Rapid strep tests, the kind your doctor runs in the office with results in minutes, have a sensitivity of about 86% and a specificity of 95%. In practical terms, out of 100 children who actually have strep throat, the rapid test will catch 86 and miss 14. Out of 100 children with a non-strep sore throat, 95 will be correctly cleared and 5 will be incorrectly told they have strep. Those missed cases are why doctors sometimes follow up a negative rapid test with a throat culture.

These examples illustrate an important point: widely used, well-regarded diagnostic tests often have sensitivity in the mid-80s, not the 99% range many people assume. A “good” score doesn’t mean perfect. It means the test performs well enough relative to its clinical role and the alternatives available.

Why No Universal Cutoff Exists

The FDA does not set a single minimum sensitivity or specificity that all diagnostic tests must meet. Instead, it requires that each test demonstrate clinically meaningful performance for its specific intended use, with appropriate study design and endpoints.

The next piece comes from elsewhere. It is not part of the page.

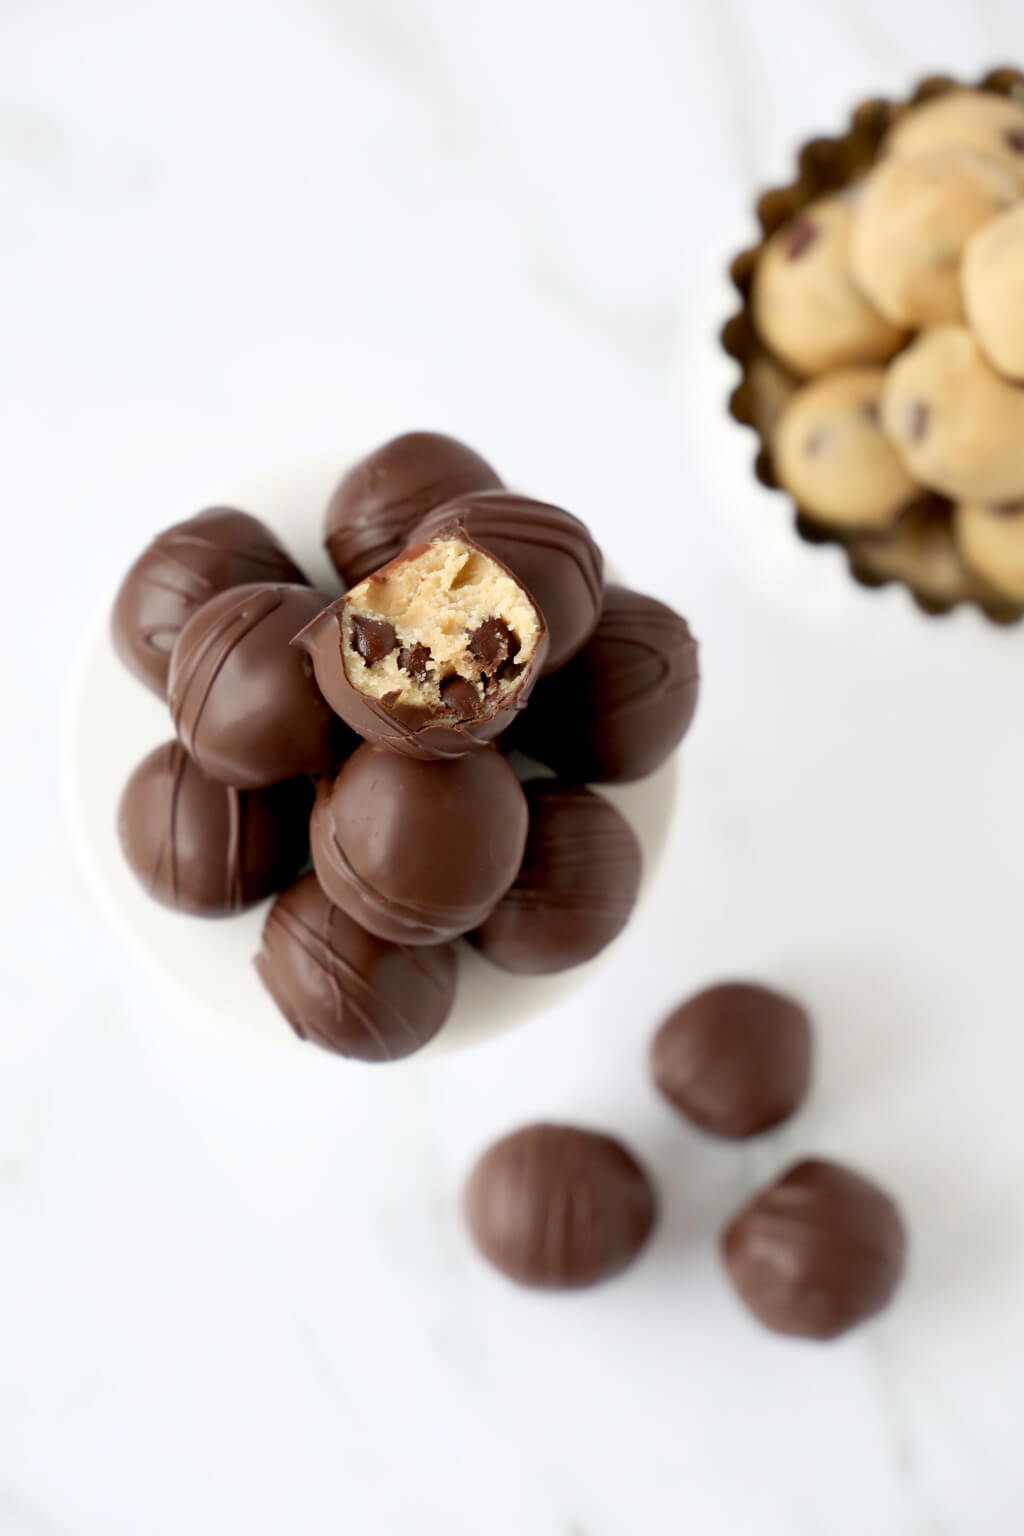 A pile of chocolate cookie dough balls. The very top one has a bite taken out so the cookie dough center is visible.

What’s clinically meaningful for a cancer screening tool is different from what’s meaningful for a rapid flu test.

This is why asking “what is a good score” always leads back to the same set of follow-up questions: What condition is being tested for? How serious are the consequences of a missed diagnosis versus a false alarm? How common is the condition in the group being tested? And what happens next if the result is positive or negative?

A test with 80% sensitivity might be outstanding if the previous best option was 60%. A test with 95% sensitivity might be inadequate if missing even 5% of cases means preventable deaths. The numbers only become meaningful when you understand what they’re being asked to do.